* **Problem details**
Exactly the lines below, starting with the one containing "Joyful-Man-Embracing-a-Tiger-in-a-Heartwarming-Moment" and going on through the one containing "Size 13 Black and White Jordan 12’s", must be reproduced, both ends included, and no pictures with them.

* **Task data**
▬▬▬

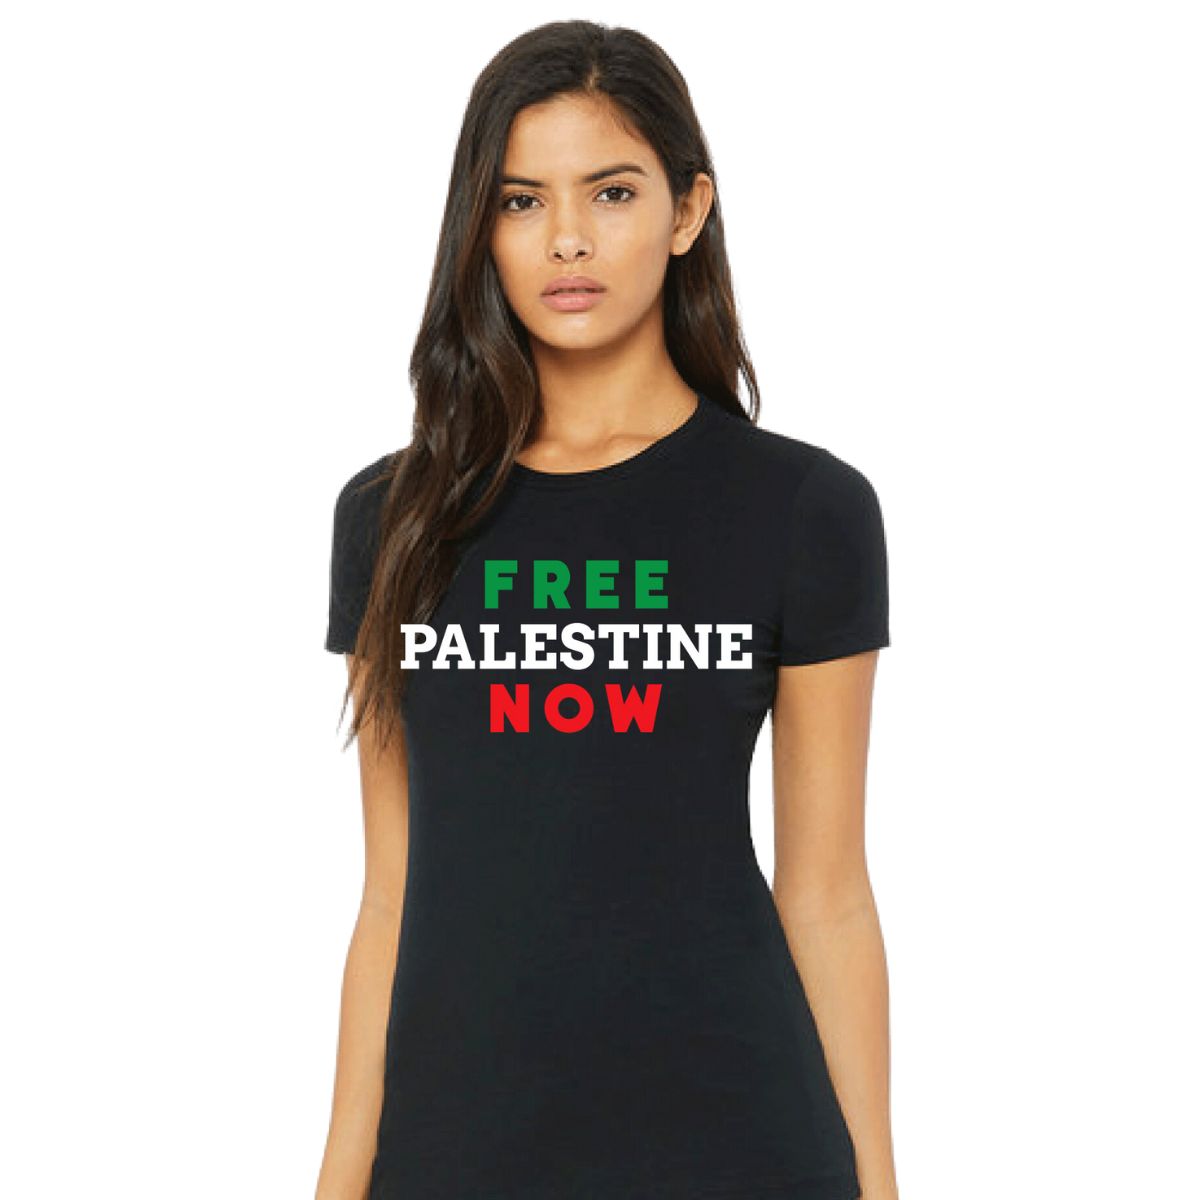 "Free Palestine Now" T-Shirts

▬▬▬

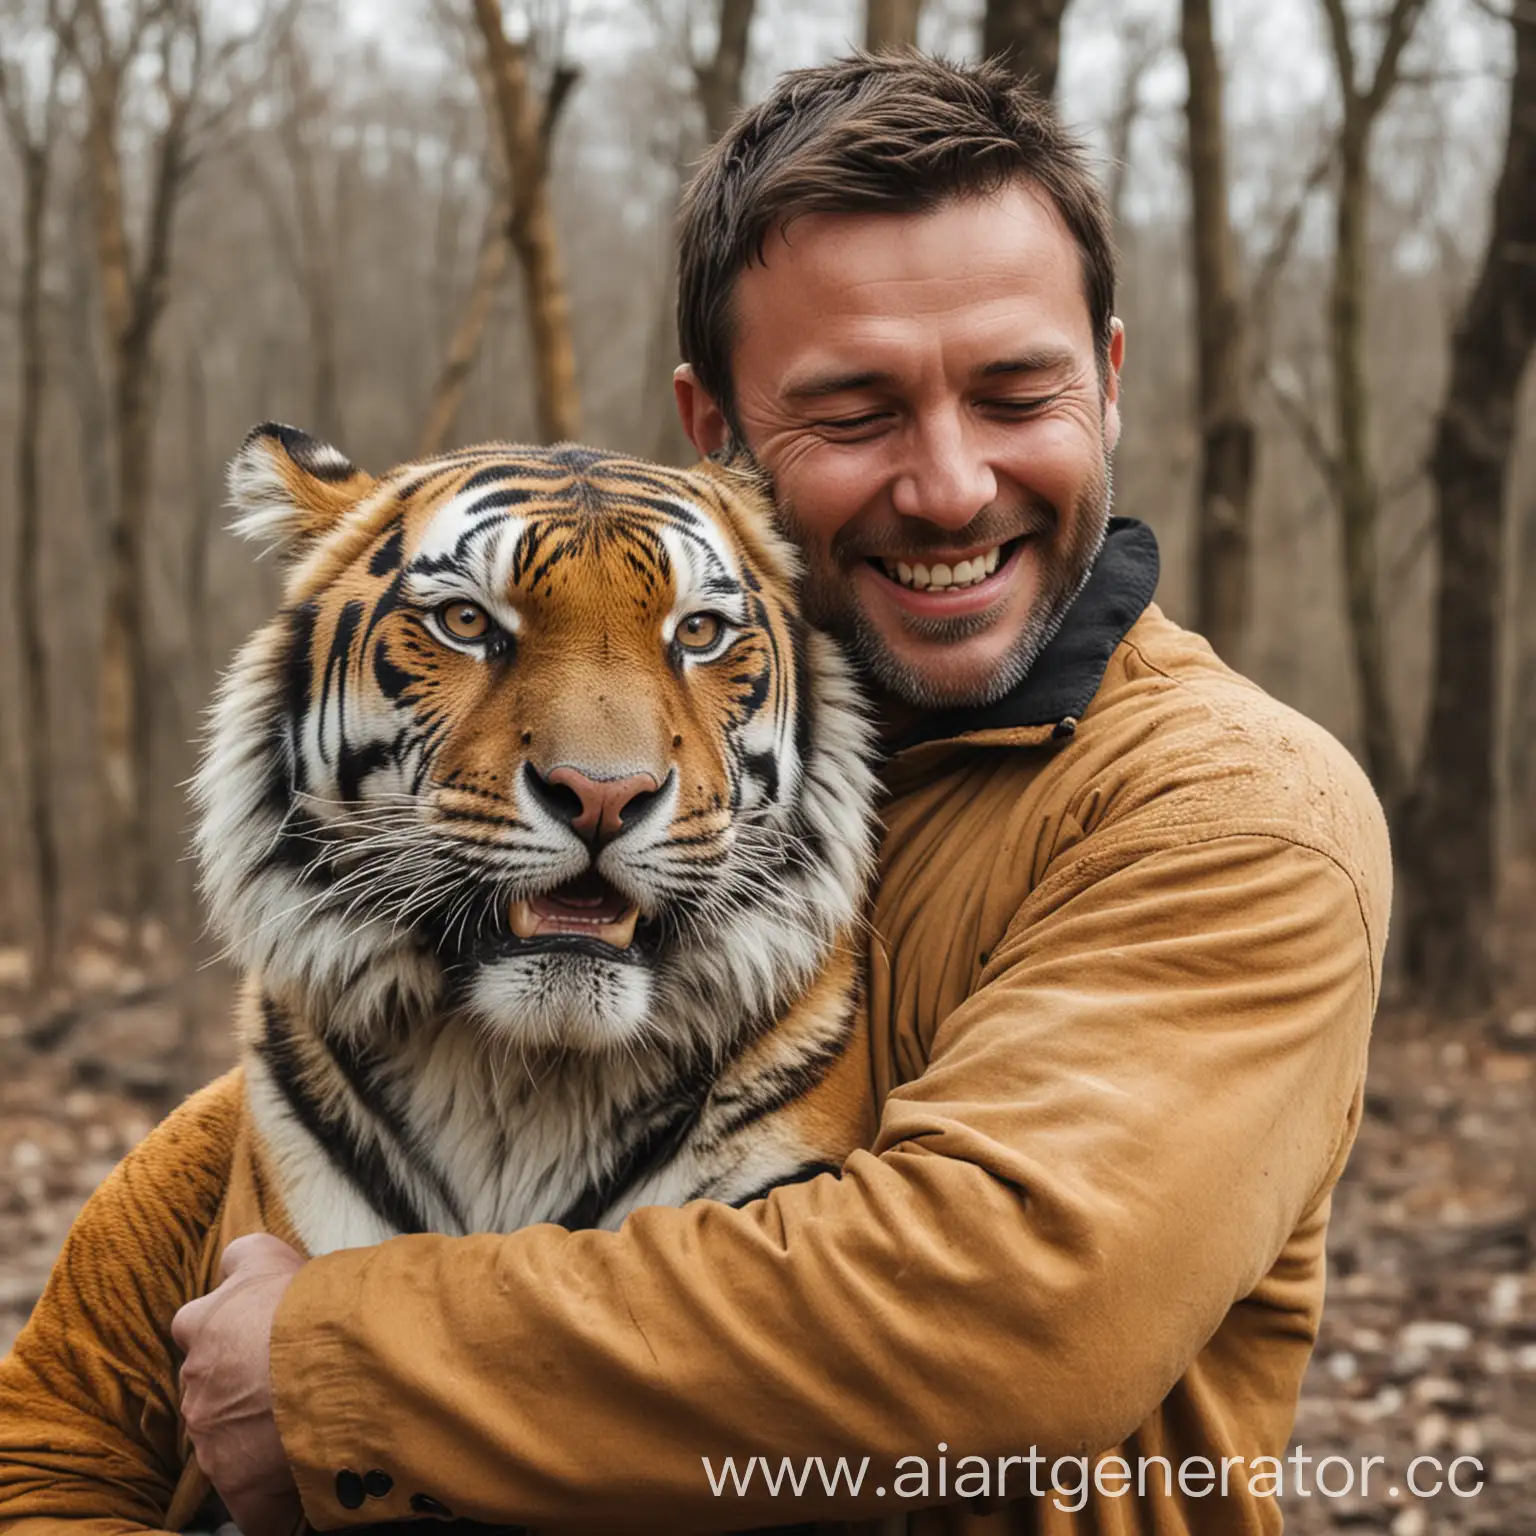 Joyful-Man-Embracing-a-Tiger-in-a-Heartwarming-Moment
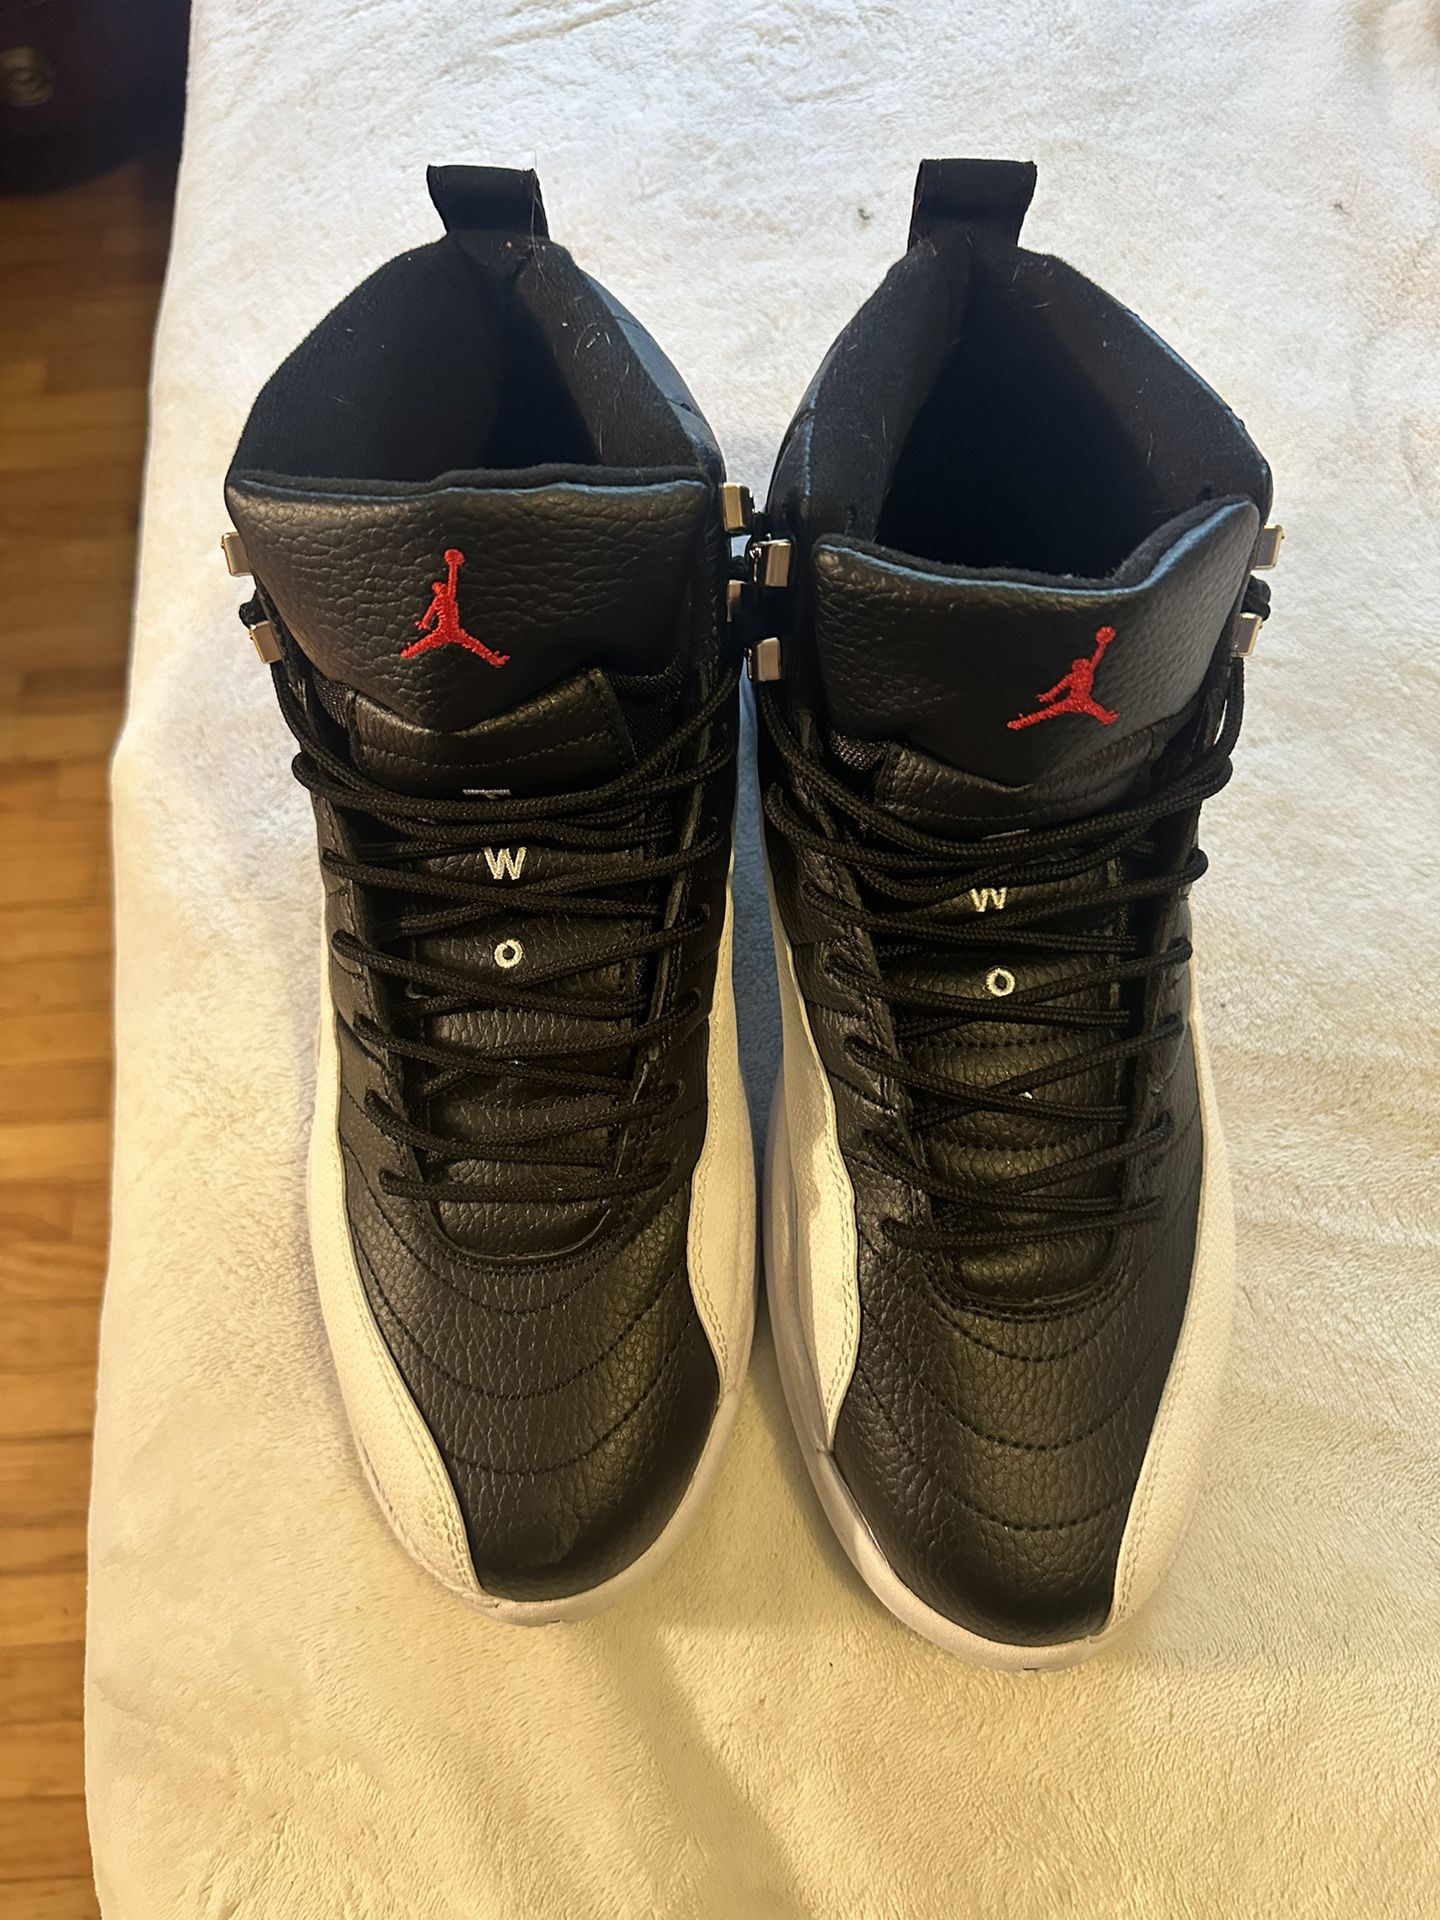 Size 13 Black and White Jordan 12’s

▬▬▬

* **Response area**
 Joyful-Man-Embracing-a-Tiger-in-a-Heartwarming-Moment
 Size 13 Black and White Jordan 12’s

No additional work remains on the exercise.